How to choose the Right Number of Clusters in the K-Means Algorithm?

Original article was published by Manik Soni on Deep Learning on Medium


How to choose the Right Number of Clusters in the K-Means Algorithm?

What is Within-Cluster-Sum-of-Squares(WCSS) in clustering? The Elbow method used in K-Means Algorithm.

Before we dive deep into choosing the right number of clusters in the K-Means Algorithm, we first Know What is K-Means Algorithm?

Now, the important question is:

How to choose the Right Number of Clusters in the K-Means Algorithm?

So in order to choose the right number of clusters, we first take an example of this ‘scatter’ plot :

Scatter Plot

So, our result looks like this,

But, how we can able to take 3 clusters for doing categorization? why can’t 2 or 4?

To answer this, Let’s understand the concept stepwise:

Step 1. First, we understand What is Within-Cluster-Sum-of-Squares (WCSS)?

WCSS may be defined as an Implicit Objective Function which helps to give the right number of centroids or clusters to include in the dataset.

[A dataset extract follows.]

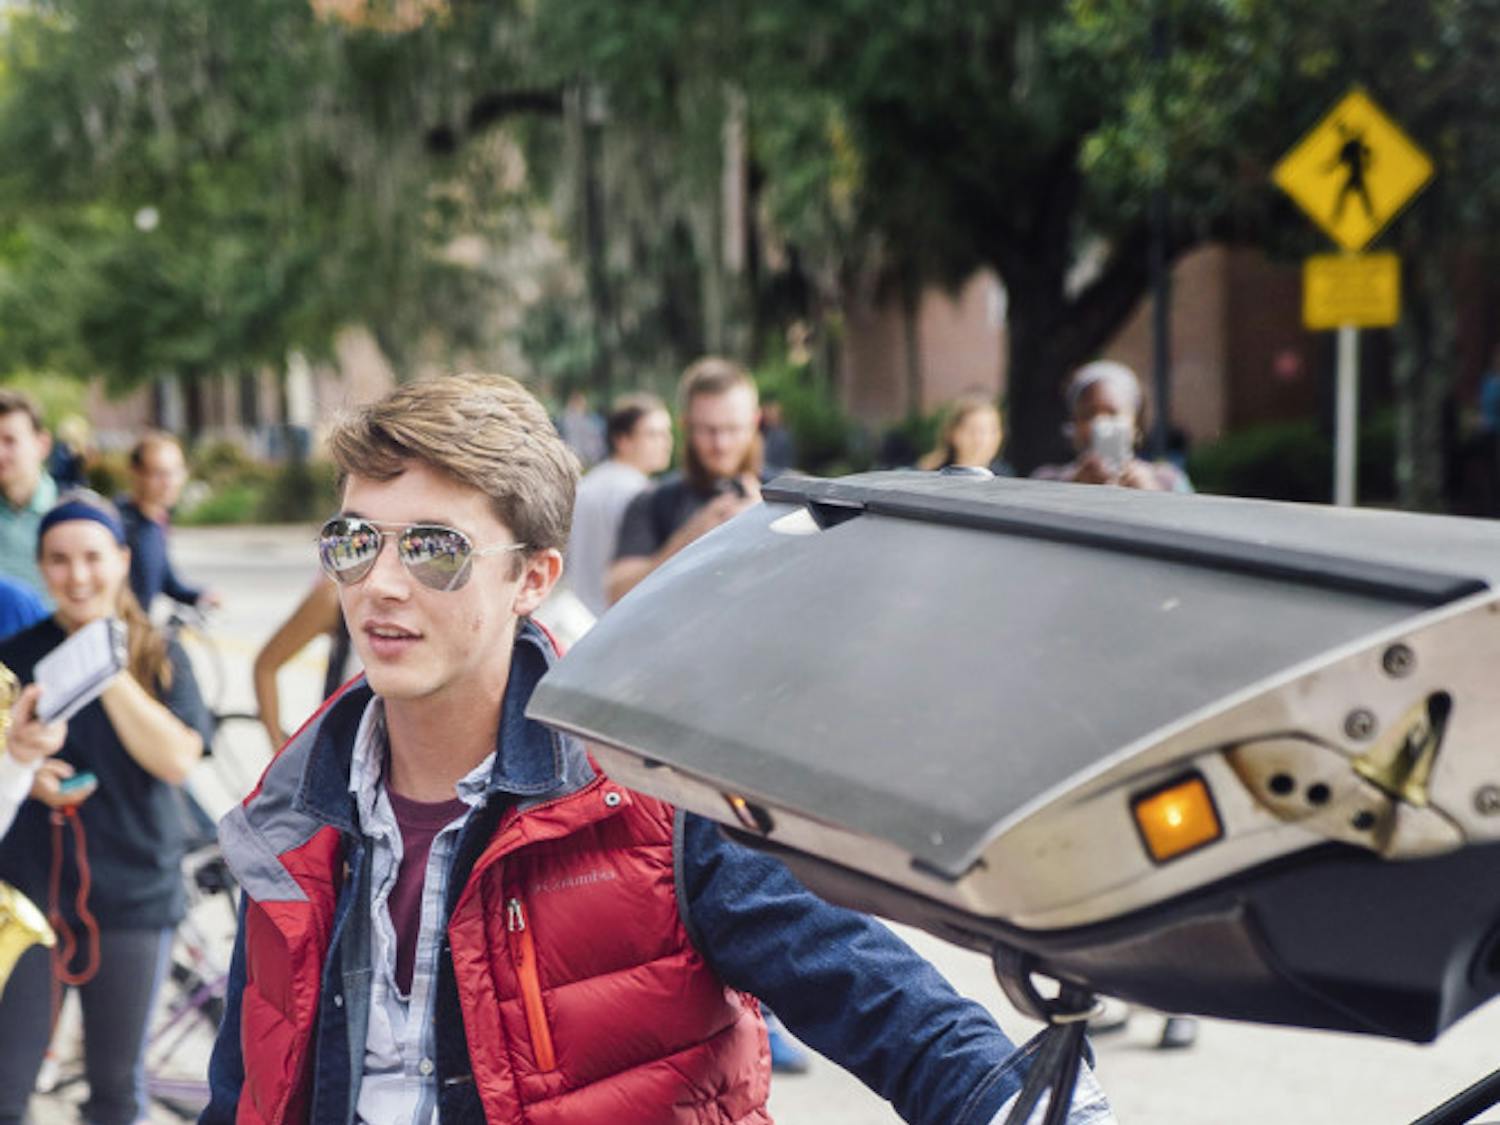 Trace Hance, a 21-year-old telecommunication senior, poses for a group of about 600 students with his DeLorean car on the Plaza of the Americas on Oct. 21, 2015, for Back to the Future day celebrations. “As I stepped out of the car, the band parted and then I saw a semi-circle of phones staring at me,” Hance said.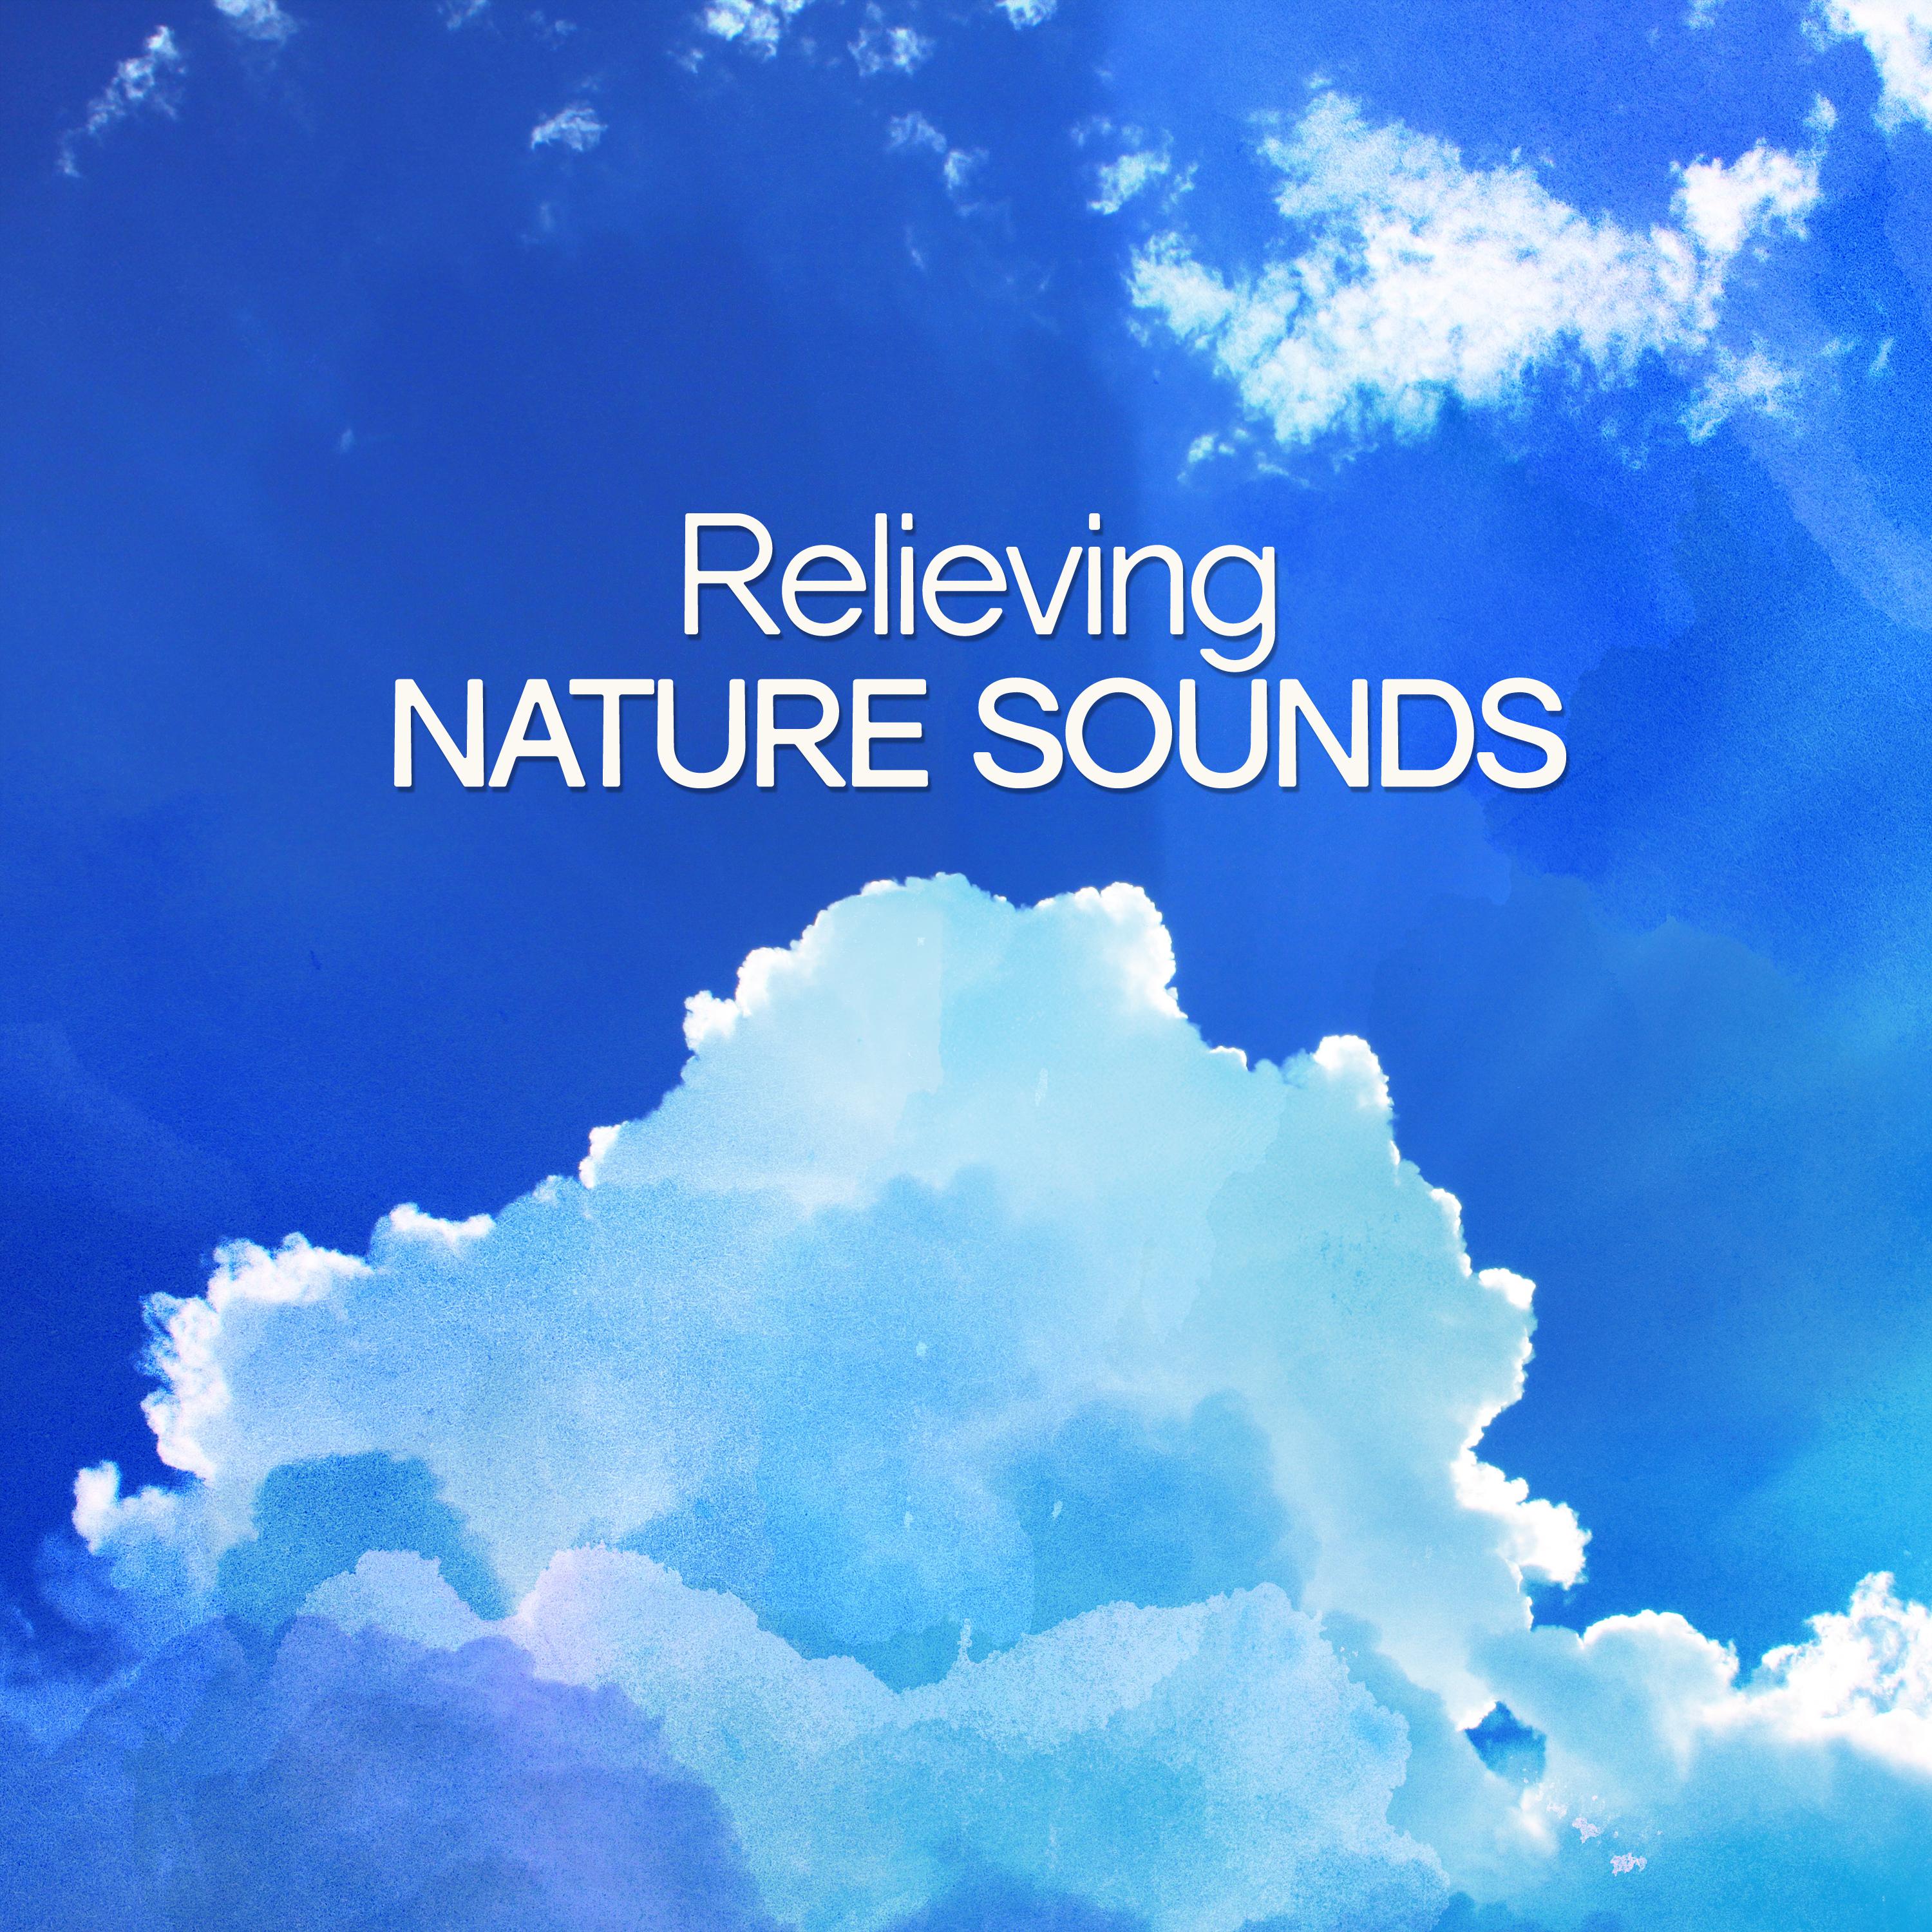 Relieving Nature Sounds

It gives the measure of the sum of distances of observations from their cluster centroids.

Step 2. Now let’s include 1 centroid in our dataset. Now the value of WCSS is very high because if we do the calculation the sum of distances of observations from their cluster centroids gives a very big result.

Step 3. Now include one more centroid that is, include 2 centroids in the dataset.WCSS result is much less as compared to the Step 2 result.

Step 4. Now again include one more centroid that is 3 centroids in the dataset. It gives a much lower result of WCSS than Step 3.

Step 5. Now, the question is when to stop adding the centroids into the dataset?

In order to answer this, let’s analyze the sequential steps of adding the centroid.

So, According to the above graph, we can analyze the substantial change in the value of WCSS by adding 2 centroids from 1 centroid.

Again, see the abrupt change by adding 3 centroids from 2 centroids.

By adding centroids from 3 to 10, you can see that there is no abrupt change but a small difference observed while adding new centroids.

So centroid 3 is a threshold that gives us a value of how much clusters to include in our dataset?

This Method of finding is known as the Elbow method.